Children in need of assistance 

BOTTOM LINE: In selecting a permanency plan for a child in need of assistance, a juvenile court may consider information relating to the entire period of the child’s placement even when an appellate decision has reversed an earlier order that was the basis for a portion of the time spent in that placement.

CASE: In re Ashley S. & Caitlyn S., No. 4, Sept. Term, 2013 (filed May 30, 2013) (Judges Bell, Harrell, Battaglia, Greene, Adkins, Barbera & McDONALD). RecordFax No. 13-0530-20, 56 pages.

FACTS: Ashley S. was born to Sharee S. (Ms. S.) on July 8, 1999. Caitlyn S. was born to Ms. S. on February 8, 2008. The two young sisters had been the subject of various reports of neglect by their mother over a period of two years starting in September 2008.

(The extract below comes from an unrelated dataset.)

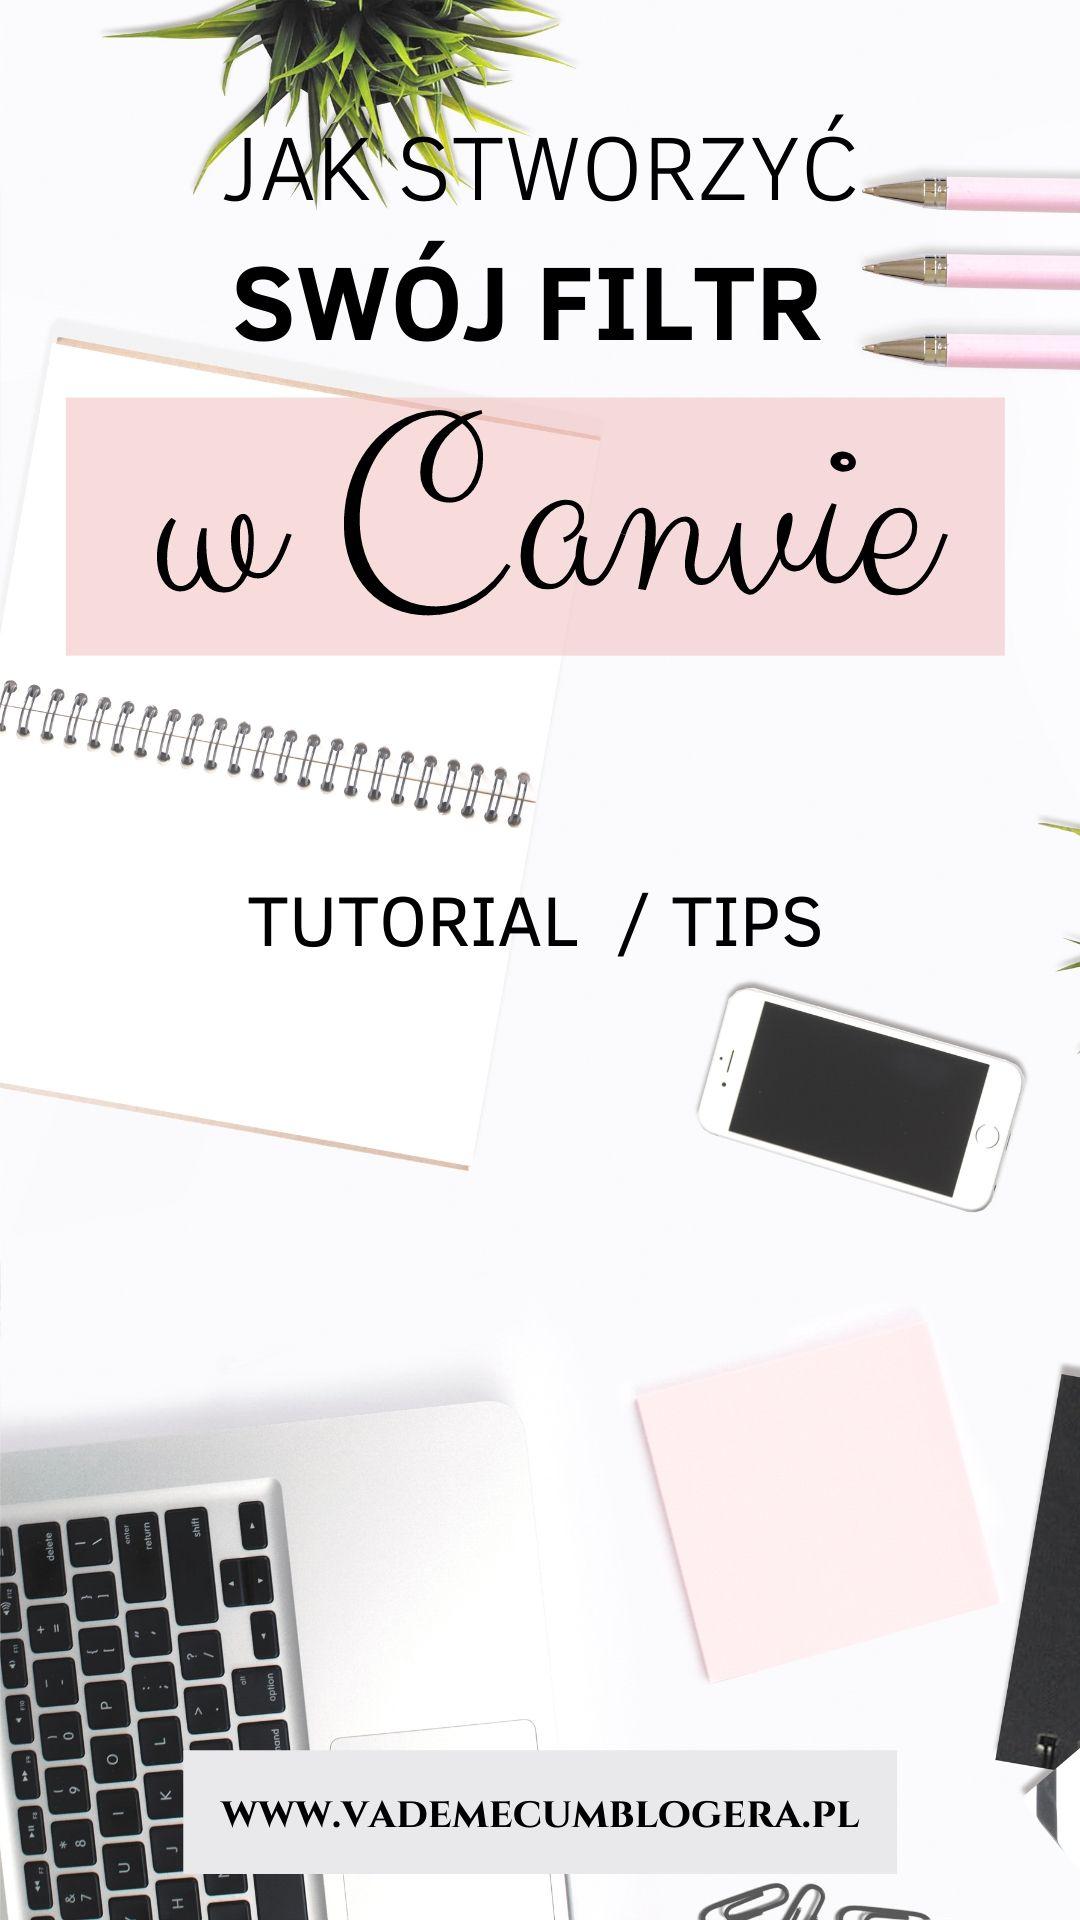 Jak stworzyć swój filtr / preset w Canvie?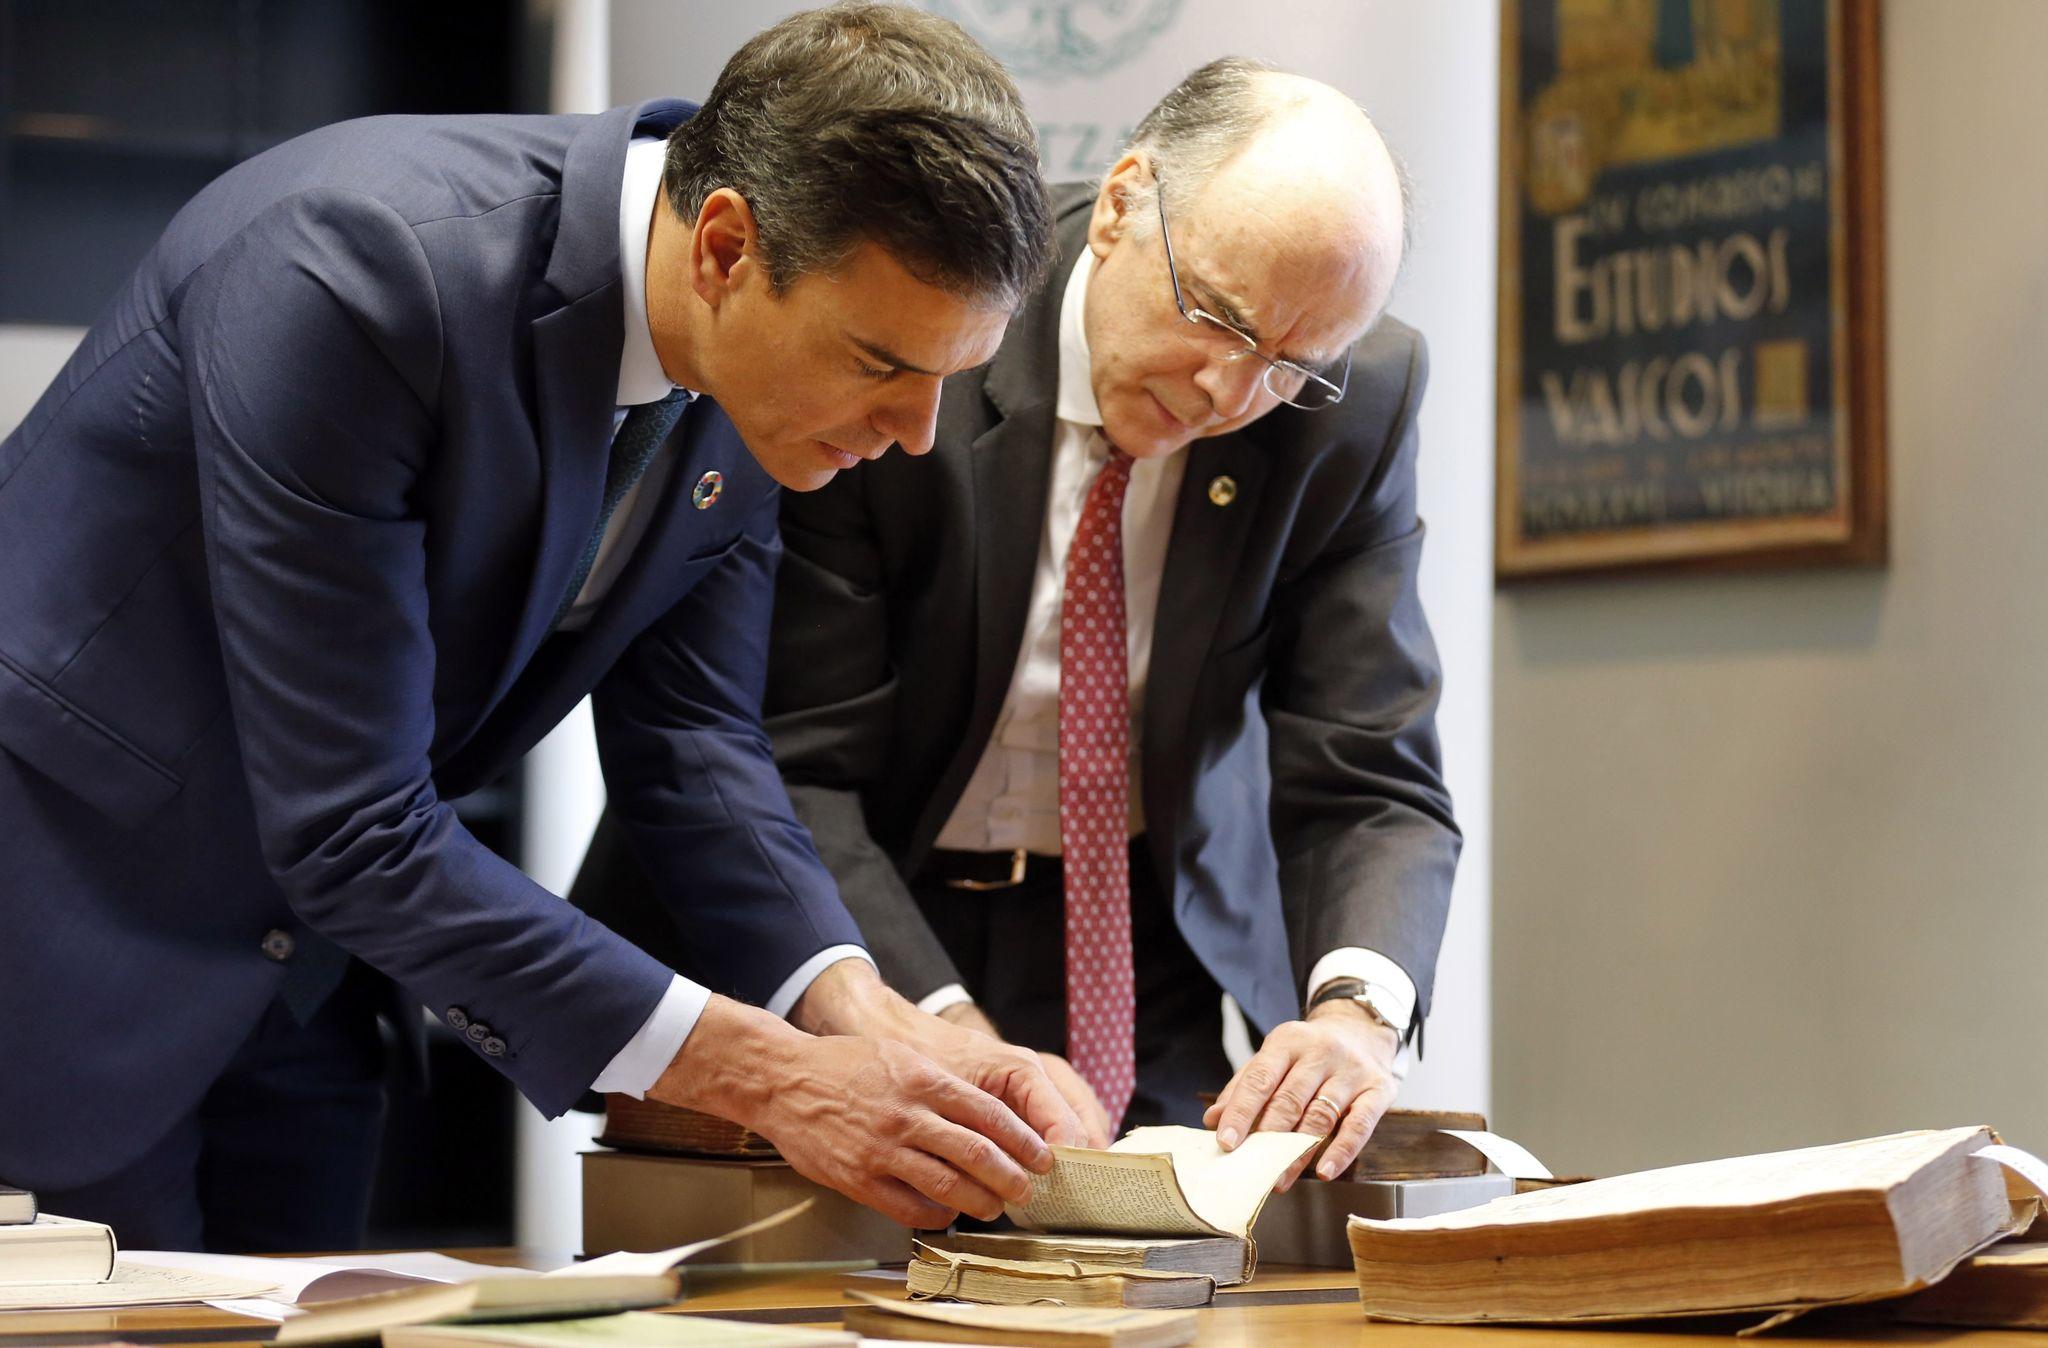 Pedro Sánchez junto al presidente de Euskaltzaindia, Andrés Urrutia.

In February 2011, the Montgomery County Department of Health and Human Services (the Department) filed petitions with the circuit court, sitting as a juvenile court, to have the sisters designated as children in need of assistance (CINA). The Department also filed a request for emergency shelter care — i.e., the temporary placement of a child outside of the home before the determination or disposition of CINA status. CJ §3-801(y). The request was granted by the juvenile court. The court placed the children in the temporary care and custody of the Department with limited visitation by Ms. S.

The juvenile court held an adjudicatory proceeding on the CINA petition. The circuit court entered an order finding that the Department had proven the allegations of neglect in its CINA petition. Based on that determination, in May 2011, the court designated both children as CINA and committed them to the Department for placement in foster care. The court established the girls’ permanency plans as reunification with Ms. S.

In November 2011, the Court of Special Appeals affirmed the juvenile court’s determination that Ashley was a CINA, but held that the juvenile court had abused its discretion in determining Caitlyn to be a CINA and in committing both girls to foster care. In accordance with that decision, the juvenile court dismissed the Department’s original CINA petition as to Caitlyn. The Department did not, however, return the children to the custody of Ms. S. Rather, in the belief that the children could not safely return to Ms. S.’s care at that time, the Department filed an emergency motion the next day in Ashley’s CINA case to authorize her continuing placement in foster care. The motion was granted. The Department also filed a new CINA petition with respect to Caitlyn and requested a shelter care order also authorizing her continued placement in foster care.

In February 2012, the juvenile court held hearings to adjudicate Caitlyn’s CINA status and to review Ashley’s placement. The court declared Caitlyn to be a CINA and committed both children to the custody of the Department for placement in foster care. The permanency plan for both girls continued to be reunification with their mother.

In July 2012, the juvenile court held a permanency plan review hearing and interviewed both girls in chambers. Both children favored a change in permanency plan from reunification with Ms. S. to adoption.

Accordingly, on July 31, 2012, the court ordered that the permanency plan for both children be changed from reunification to adoption. Supervised visitation was permitted to continue between Ms. S. and the children.

Prior to argument in the Court of Special Appeals, the Court of Appeals, on its own motion, issued a writ of certiorari to consider whether the juvenile court, in changing the permanency plan for the children to adoption, was entitled to consider the events occurring during the months that the children spent in foster care under the initial court orders that had been reversed by the Court of Special Appeals.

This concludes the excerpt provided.